This report describes the case of a patient suffering from tetany attacks with hypocalcemia probably due to hypomagnesemia secondary to diarrhea on Liraglutide.
1.1. Case presentation
A 73 year old man who presented for an imbalance of his type 2 diabetes with anorexia, weight loss estimated at 8kg over 2 months, diarrhea and attacks of tetany.
The patient was initially on an inhibitor of DPP4, Metformin and Glimipiride. During his stays in cardiology he underwent an adjustment of his treatment with Abasaglar and Liraglutide, three months later the patient reported the appearance of abdominal pain, diarrhea with episodes of tetany attacks.
Upon admission the conscious, normocardial, normotensive and eupnetic patient Apyretic at 36.7 °C, weight: 84kg, Height: 1.69 m, BMI: 29.13. The sign of Chvosteket and sign of keychain were negative, the rest of the physical examination is without distinction. The initial ECG did not show signs in favor of hypocalcemia.
Subsequent examinations revealed a normal parathyroid hormone (PTH) plasma concentration of 21.51ng/l (15–65) ng/l and a low vitamin D (D2+D3) level of 53.7 nmol/l.
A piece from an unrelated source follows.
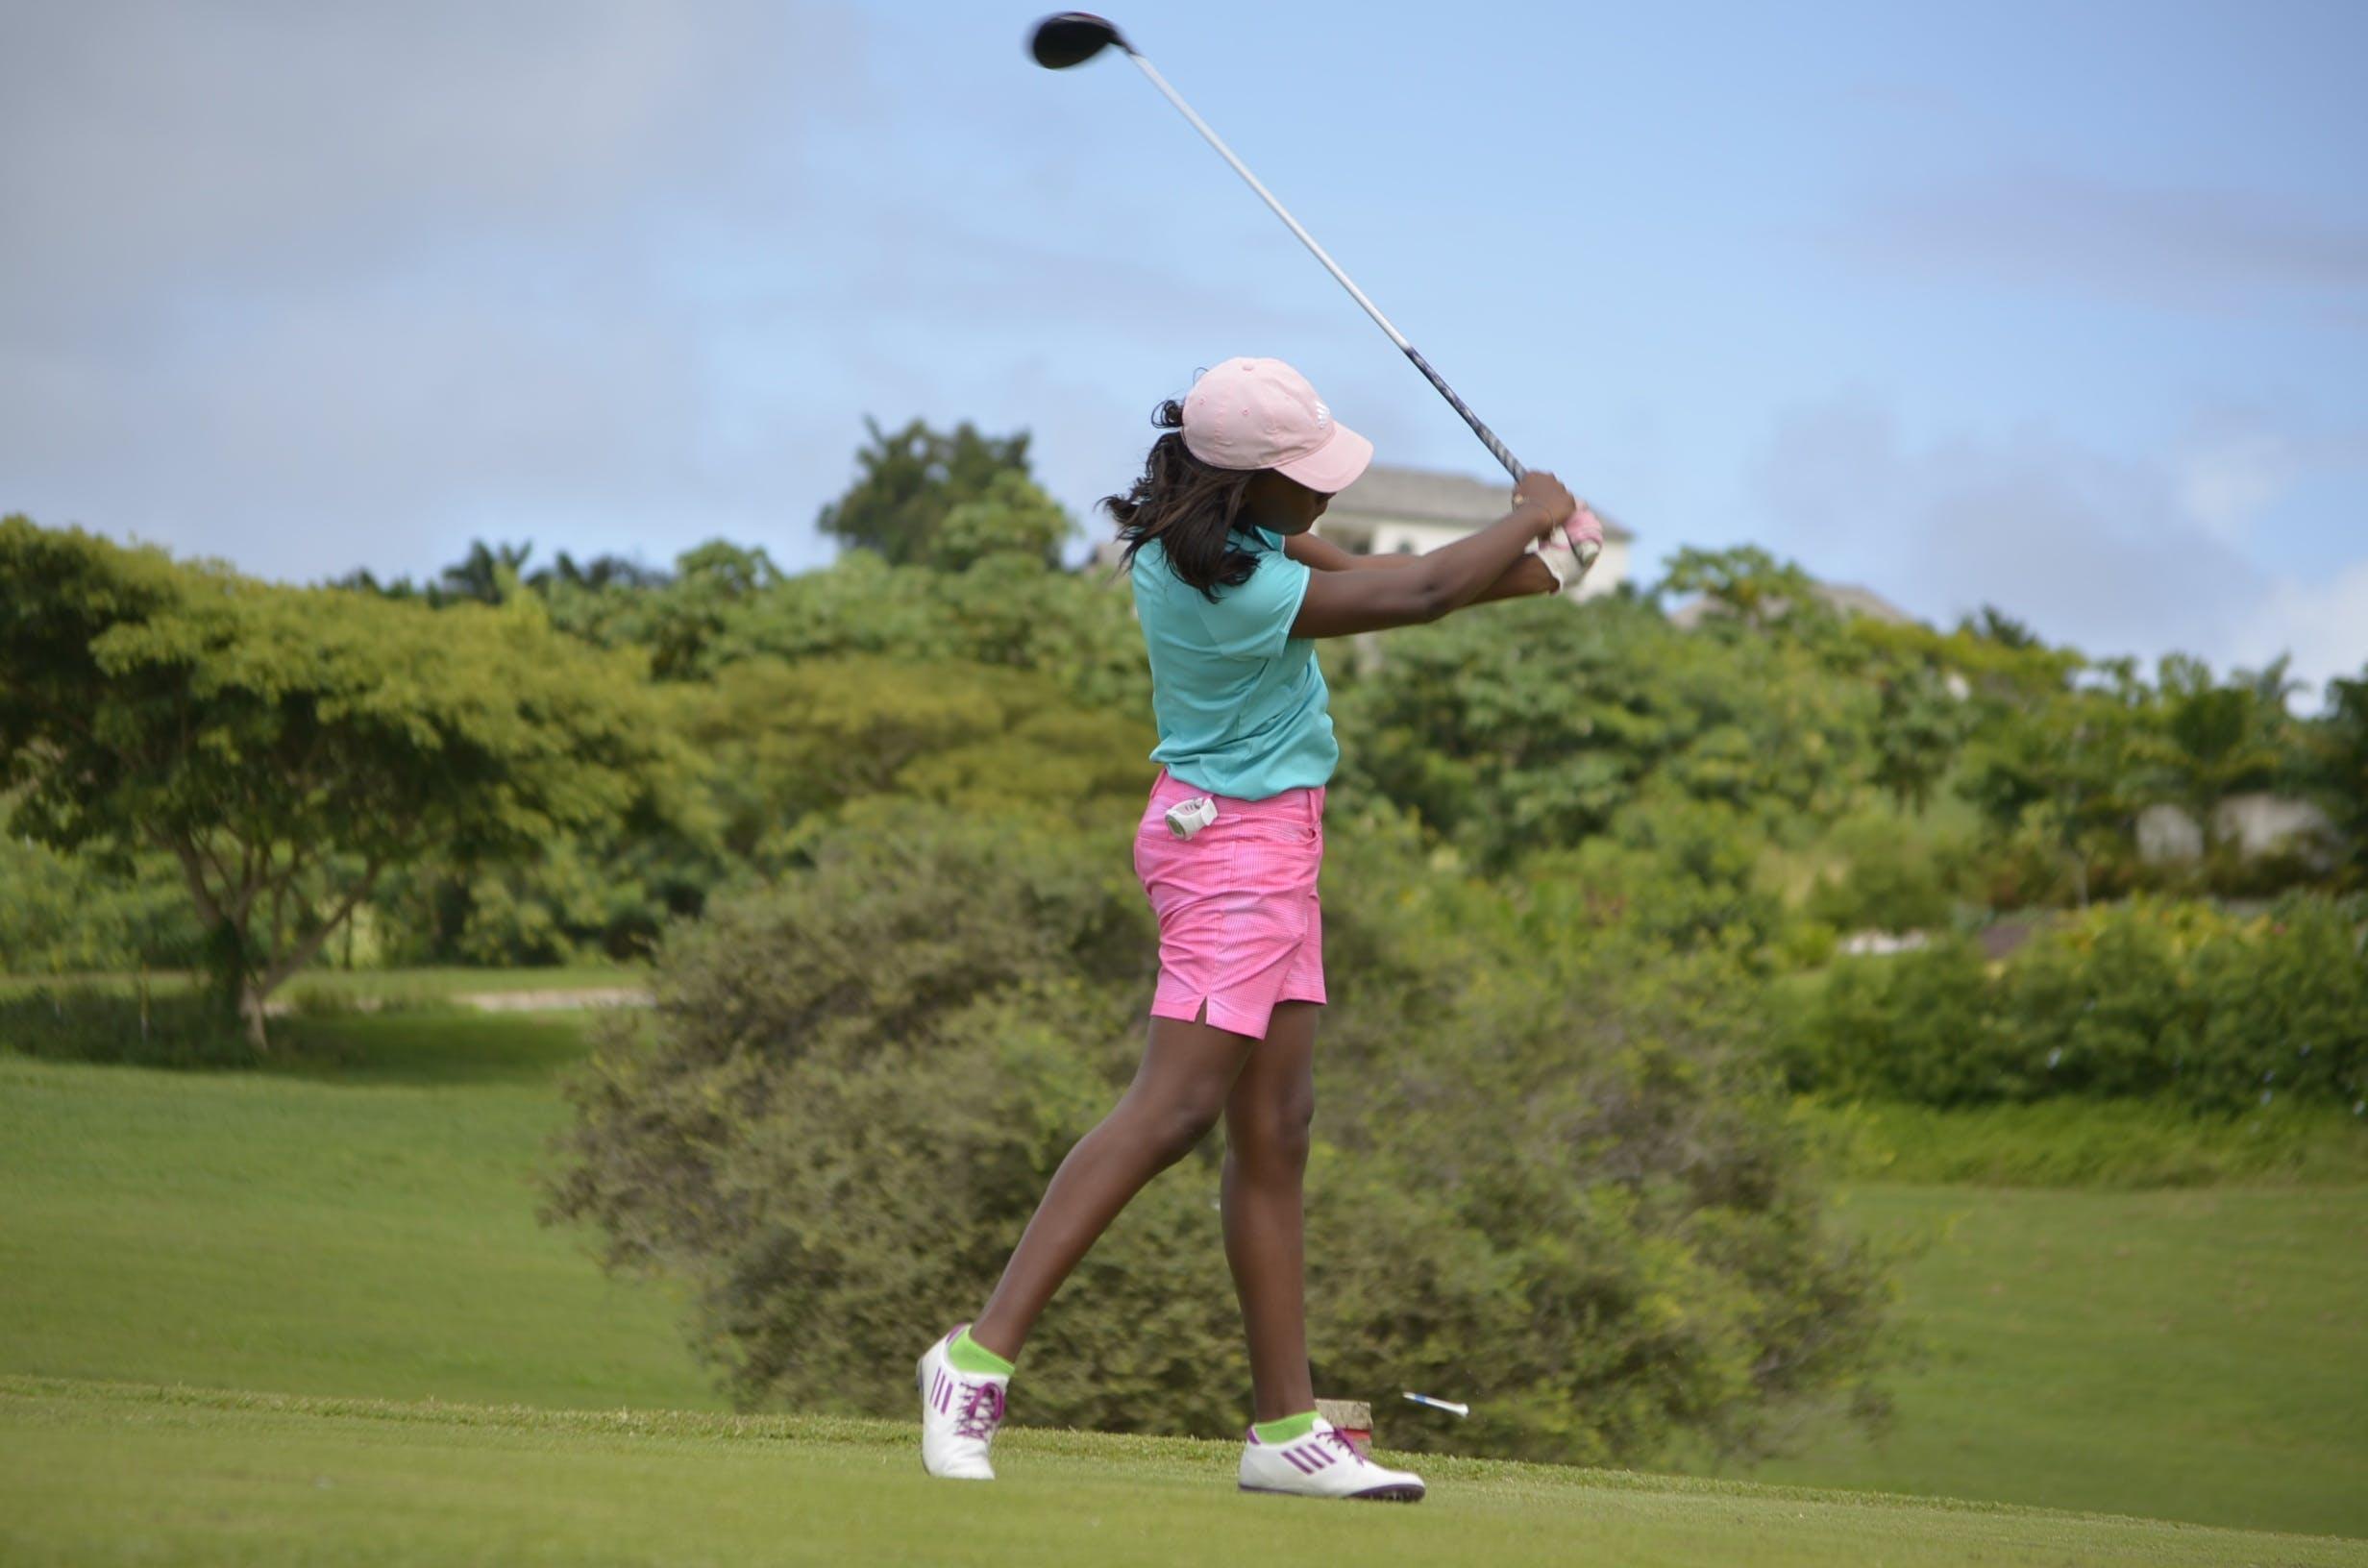 Fotos de stock gratuitas de afición, campo de golf, césped, Club de Golf

Urinary excretion of magnesium was 7.53 mEq/24h (3-5mEq/24h) on a limit of one dose made after 3 days of IV magnesium supplementation (Table 1).
Table 1.
Initial blood test results showed multiple electrolyte abnormalities.
| Biology | Interval | Value |
|---|---|---|
| Sodium | 139 mmol/l | (136–145) |
| Potassium | 3,2 mmol/l | (3,5-5,1) |
| Cl | 98 mmol/l | (98–107) |
| Co2 | 24 mmol/l | (22–29) |
| Glycemia | 6,80 mmol/l | (4,11–6,05) |
| Urea | 5,20 mmol/l | (0,50–11,90) |
| Creatinine | 73 μmol/l | (59–104) |
| Clairance ckdepi | 88 ml/min/1,73 m2 | >90 |
| Calcium mmol/l | 1,52 | (2,20–2,55) |
| Albumine | 37 | (35–52) |
| Prealbumin g/l | 0,17 g/l | >0,20 |
| Calcium corrected | 1,60 mmol/l | (2,20–2,55) |
| Phosphorus mmol/l | 1,22 | (0,81–1,45) |
| Mgnesiummmol/l | <0,1 | (0,66–1,07) |
Intravenous electrolyte supplementation was initiated with ECG monitoring. The patient received in 500 cc of 5% glucose serum: 8 g of calcium gluconate and 4 g of magnesium sulfate 2 g of potassium chloride in 24 hours. At the end of 48 hours, this correction led to normalization of serum calcium, magnesia, kalaemia and an elevation of PTH as well as an improvement of the glycemic cycle. Oral magnesium intake was maintained in the form of Magnesium Pidolate.
Liraglutide therapy was discontinued. At the time of discontinuation of Liraglutide treatment, there was a clear improvement in digestive disorders and the balance sheet remained stable, confirming the absence of hypoparathyroidism and the causal link incriminating Liraglutide is suspected.
2. Discussion
The main etiologies of hypomagnesemia are the lack of intestinal absorption (malabsorption, diarrhea, fistule, by-pass …) and/or an excess of renal loss (diuretics, polyuria, hypercalcemia, nephrotoxic drugs …)[2]. A number of cases of severe drug-induced hypomagnesemia have been reported with long-term use of PPIs, the exact mechanism of which is not yet elucidated. The most likely etiology is intestinal malabsorption secondary to disruption of active transport through the intestinal wall by acting on the function of the TRPM6 channel[3]. There are also rarer genetic causes, usually found in young children.
In our patient it is suspected that the symptomatic and profound hypomagnesemia is caused by a malabsorption syndrome following his chronic diarrhea.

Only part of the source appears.